If you’re not in the loop, Dispatch is an upcoming visual novel where your choices define story progression. Very similar to titles in the genre popularized by Telltale games, this title is the debut project of indie studio AdHoc and was developed by some of the writers and directors of Tales from the Borderlands and The Wolf Among Us. It tells the story of a washed-up superhero who now works as a dispatcher at an agency hoping to rehabilitate super villains, creating a kind of comic-booky workplace comedy set in an alternate Los Angeles. The game’s star-studded cast contains Aaron Paul from Breaking Bad, Matthew Mercer of Critical Role fame, and even YouTubers such as Jackscepticeye, alongside a host of other incredible talents, which can make reading the game’s credits a bit intimidating.
That on its own might be enough to get you interested in Dispatch. Heck, it was enough to get me excited. However, actually getting into the game’s free demo (which you can play right now yourself) came with an added surprise; I did not, nor could I have possibly expected, just how good the animation in Dispatch would be.
To some, that sounds like kind of a no-brainer statement. Tales from the Borderlands and The Wolf Among Us both had great animation for a visual novel game, especially when they each came out. There’s that big caveat, though: great animation for a game. Dispatch doesn’t just have great animation for a game; it has incredible animation that could easily rival anything streaming or airing on that archaic video box we call television.
The smoothness of the animation in Dispatch left me gawking as I analyzed every subtle expression on the characters’ faces.
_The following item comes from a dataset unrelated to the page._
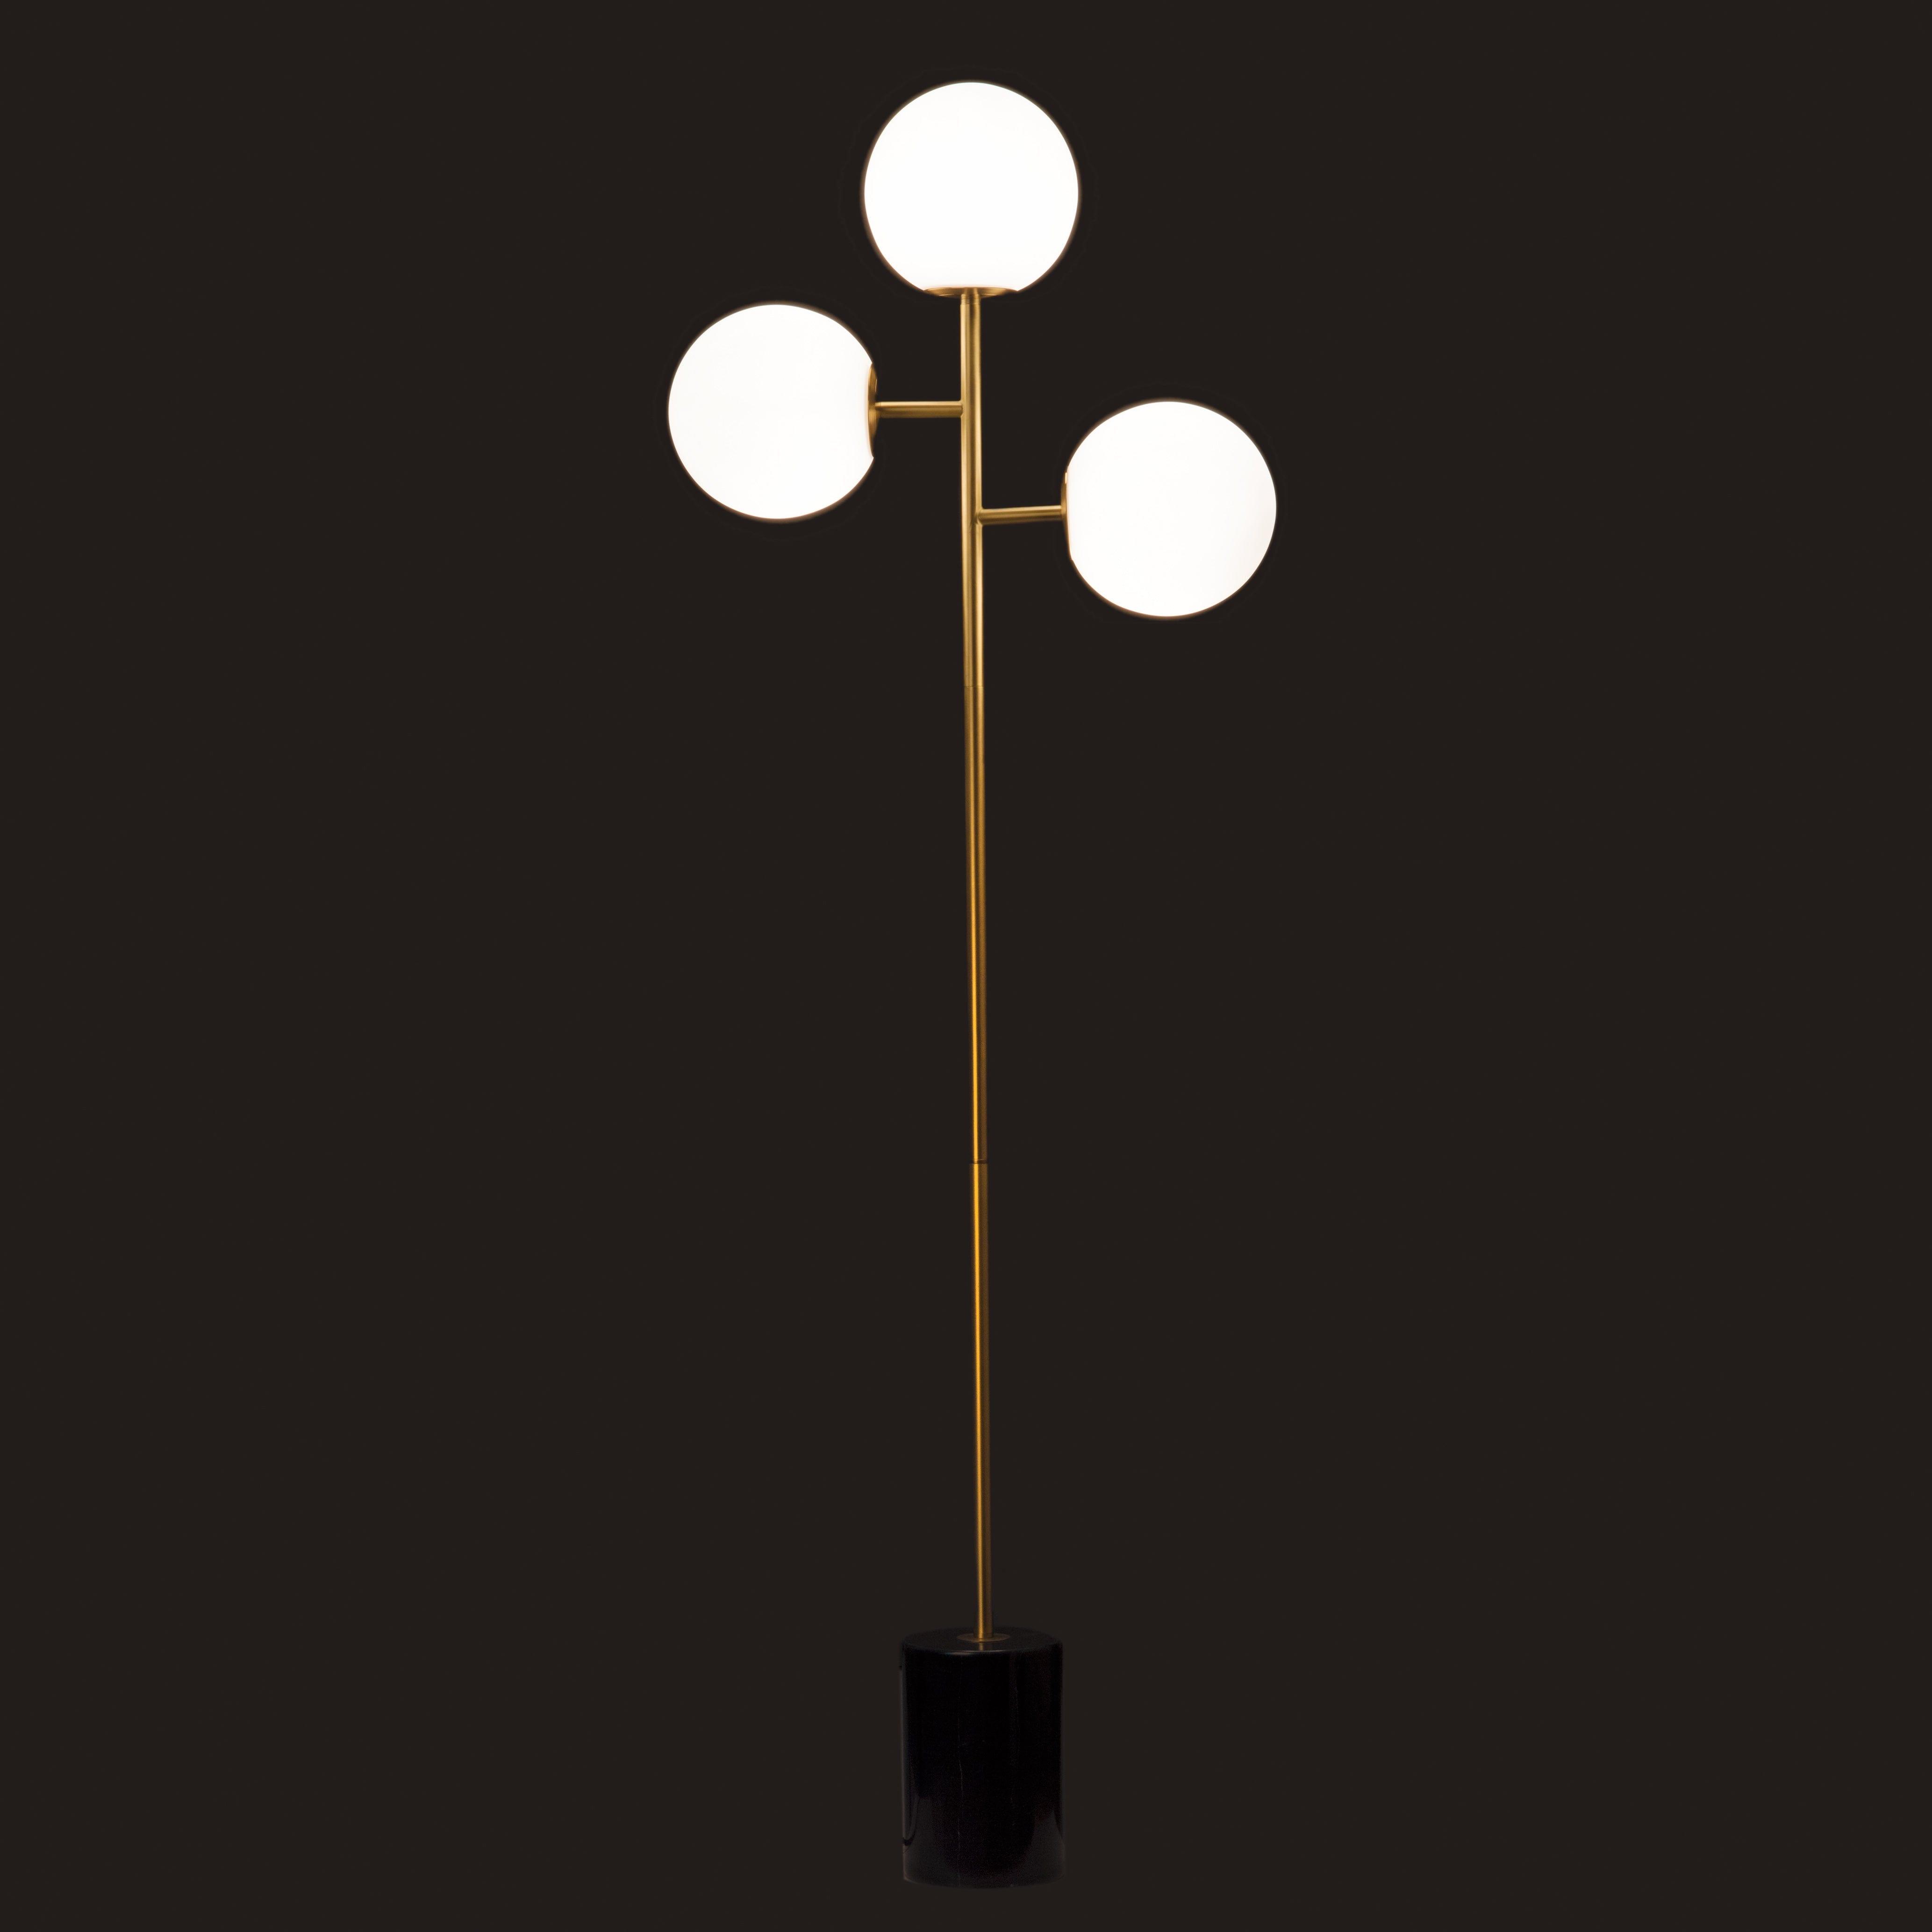 Lampa podłogowa FULL MOON złoty, Pols Potten, Eye on Design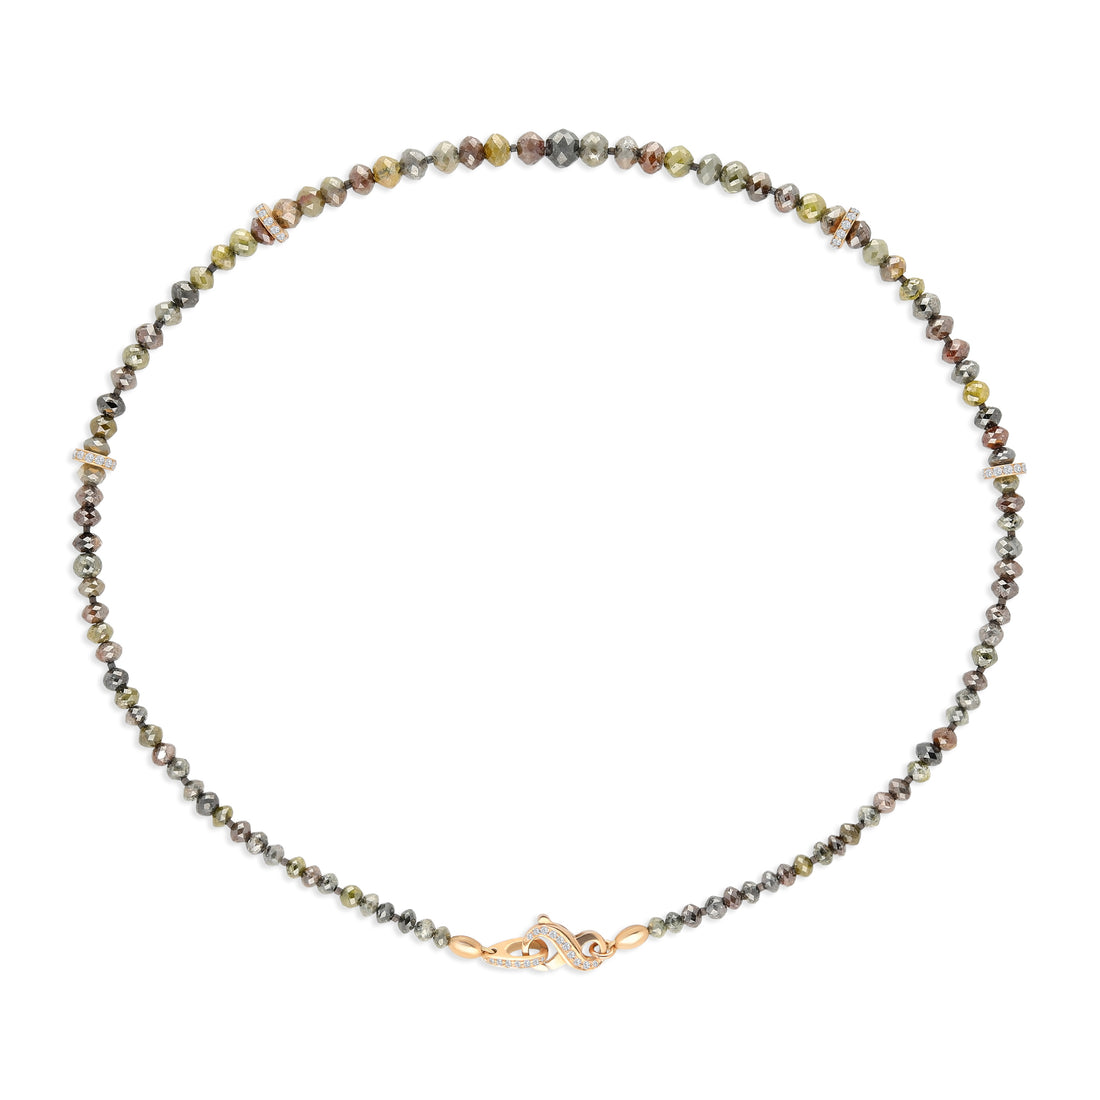 Multicolored Diamond Beaded Necklace - 89 Carat

As someone with pretty severe ADHD, I hardly have the patience to finish even my favorite games, so it should say something that I went back multiple times in Dispatch‘s demo to catch all the tiny details my eyes missed the first time around, alongside all the different outcomes of my character’s choices.
It isn’t just that Dispatch has incredible animation, but that the developers have managed to take the game’s animation and seamlessly introduce player choice to it. At every juncture at which players have the option to make a decision, the animation doesn’t simply slow down to a grinding halt and have the characters in a scene stare at each other as the player waits to make their choice. Instead, these decisions are seamlessly baked into the animation so that you are selecting an option that decides the next scene before that scene is even played. If the player fails to make a choice, one of the options is picked for them and that scene is then played.

It might not sound all that impressive just from reading, but in the game itself, it can be almost stunning how seamlessly the game ties together different scenes based on your choices, especially when it does so without cutting the camera. I can name at least one instance in the demo where Aaron Paul’s character can be made to do two completely different actions without the camera ever cutting from a close-up of his face. All of this comes together to create what feels less like a game and more like you’re watching a show that somehow, impossibly, responds to your choices.
While Dispatch‘s cutscenes feel like they were created with an animation budget, these scenes, of course, don’t make up the entire game. Much of the gameplay is played with the perspective of a computer screen, as you, as the title suggests, dispatch heroes to different crime scenes. Decidedly under animated, I can only hope that these scenes don’t make up too much of the actual screen time in Dispatch, and that the strengths the game shows off in its free demo — incredible, seamless animation that redefines the choices-matter visual novel genre — aren’t just a minute aspect highlighted by the demo.